Landry estuvo detrás de la decisión de 2024 de cambiar el sistema electoral del estado, que solía combinar a todos los candidatos en una única primaria en la que cualquier votante podía participar. El estado ahora utiliza primarias partidistas cerradas, lo que se parecía que sentaba las bases para derrotar a Cassidy, dada su impopularidad entre la base. Cassidy ahora debe ganarse a esos votantes, que acuden en masa a las primarias, sin poder depender de los votos de los demócratas y otros que han aumentado sus números en el pasado.

La campaña de Cassidy no respondió a una solicitud de comentarios.

A Letlow le vendría bien el impulso: su fondo de guerra asciende a menos de una cuarta parte del efectivo disponible de Cassidy. Pero sus oponentes han aprovechado la participación de Landry. Cassidy presentó una queja ante la FEC acusando al principal recaudador de fondos políticos de Landry de violaciones al financiamiento de campañas mientras se acercaba a los donantes en nombre de Letlow. Y Fleming ha acusado a Landry de estar detrás de millones de anuncios negativos que atacan su historial en materia de inmigración y su oposición al secuestro de carbono, un tema sobre el que ha hecho una intensa campaña. Landry y Courtney Guastella, su principal recaudadora de fondos, no abordaron las acusaciones públicamente y no respondieron a las solicitudes de comentarios.
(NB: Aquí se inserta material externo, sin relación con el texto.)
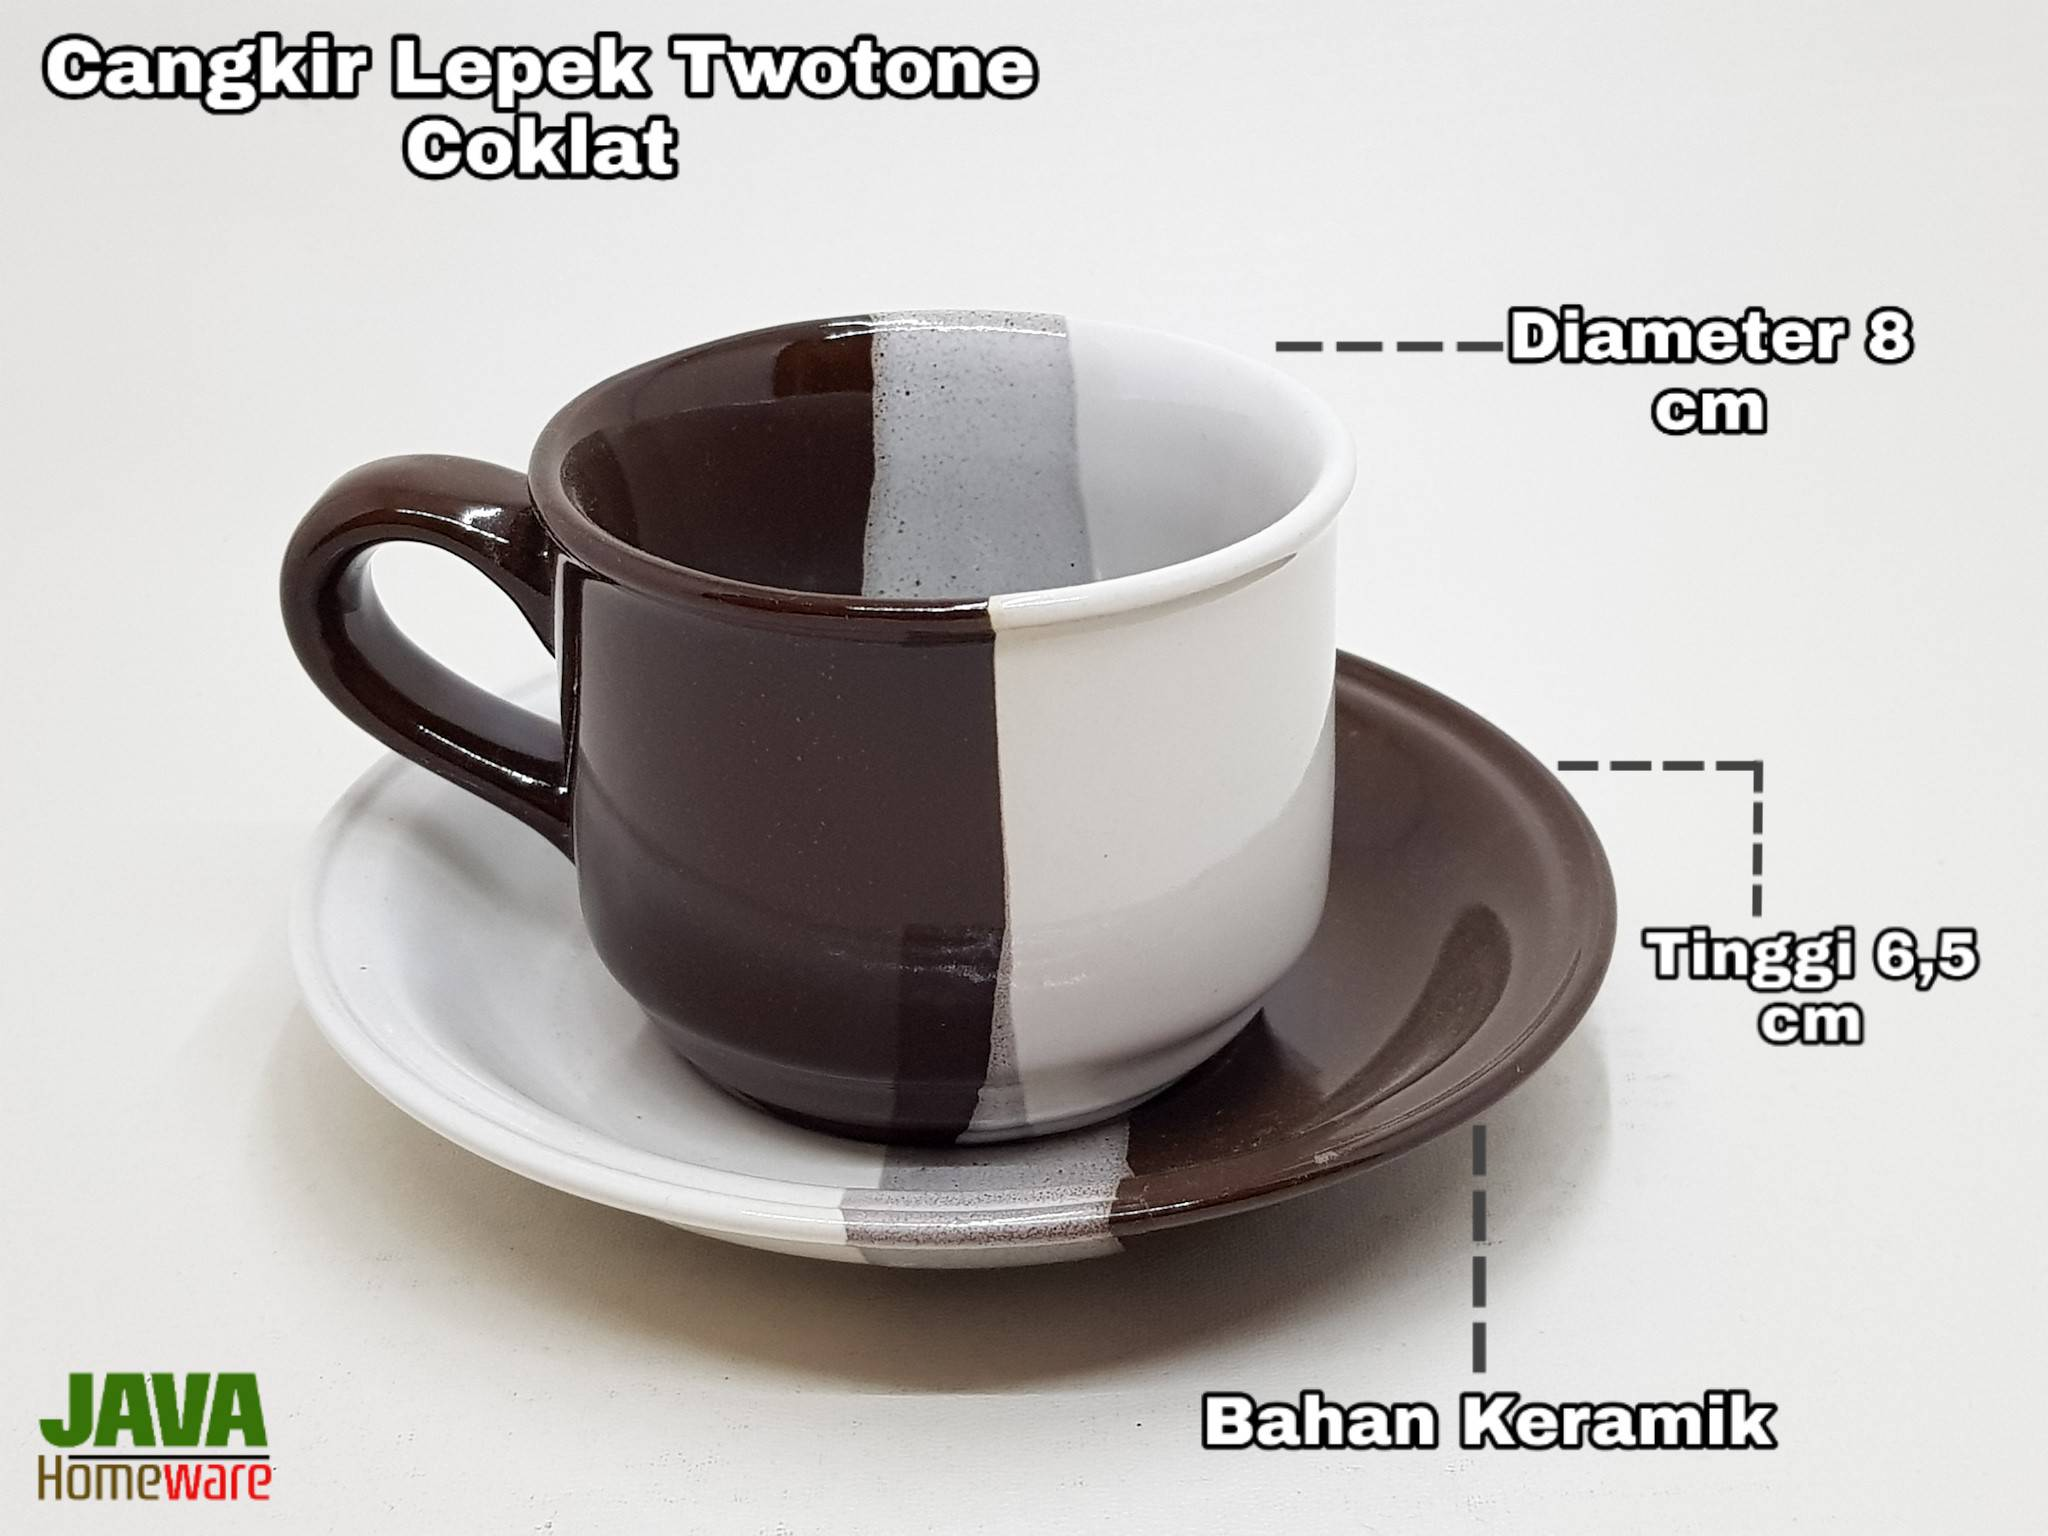 Cangkir Lepek Two tone Coklat

Fleming, en una entrevista, dijo que los votantes “simplemente no se creen” los ataques en su contra, citando su posición en la carrera. Él y Landry se han enfrentado por su candidatura al Senado, y Fleming ha acusado al gobernador de bloquear sus intentos de acercarse a la Casa Blanca para hablar con Trump sobre su campaña.
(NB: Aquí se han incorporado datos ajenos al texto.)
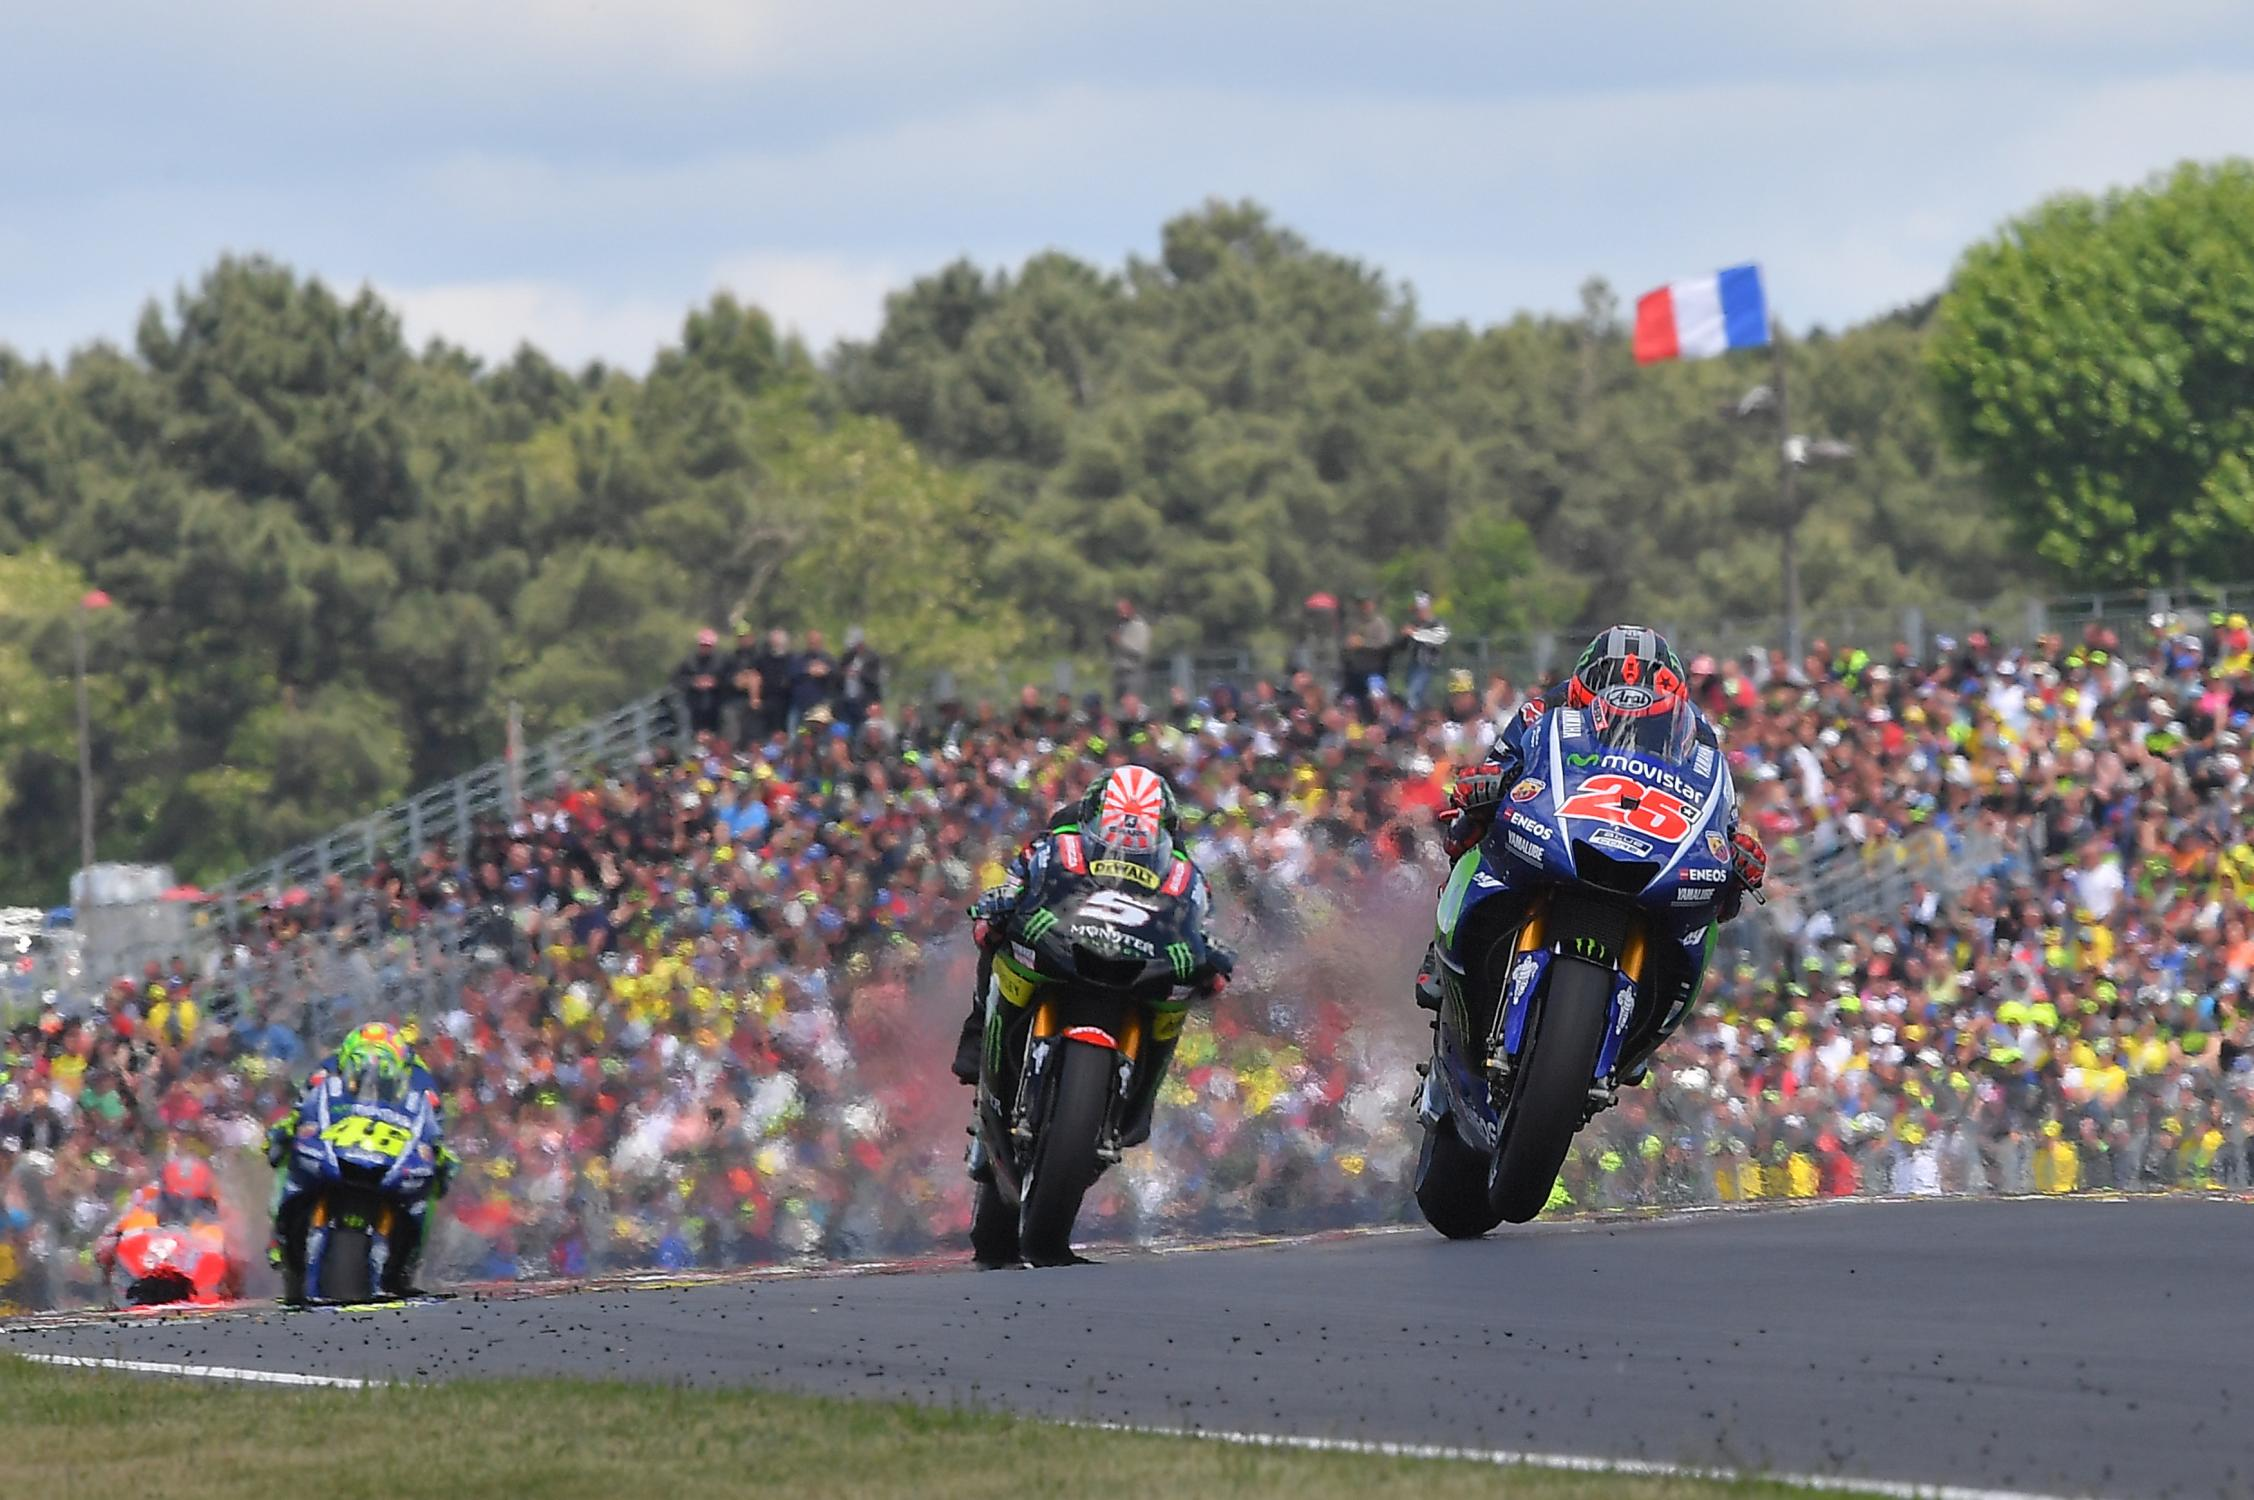 [GP] Le Mans 5ng_3499.gallery_full_top_fullscreen

Fleming también acusó a la campaña de Letlow de ofrecerle un trabajo a los Centros para el Control y la Prevención de Enfermedades para sacarlo de la carrera. La campaña de Letlow ha negado esa acusación.

“Esto demuestra que los desesperados que están por intentar que ella sea elegida”, dijo.

Y Landry mantiene algunos defensores en el Partido Republicano de Luisiana. Senador estatal. Alan Seabaugh dijo que no le molesta que Landry ejerza su influencia sobre el partido para afectar el resultado de la carrera por el Senado, o para vetar proyectos de ley como le plazca.

“Él es el gobernador. Esa es su autoridad”, afirmó. “¿Por qué Letlow? Él no quiere desesperadamente que Bill Cassidy sea reelegido”.

Kelsey Brugger contribuyó con el reportaje.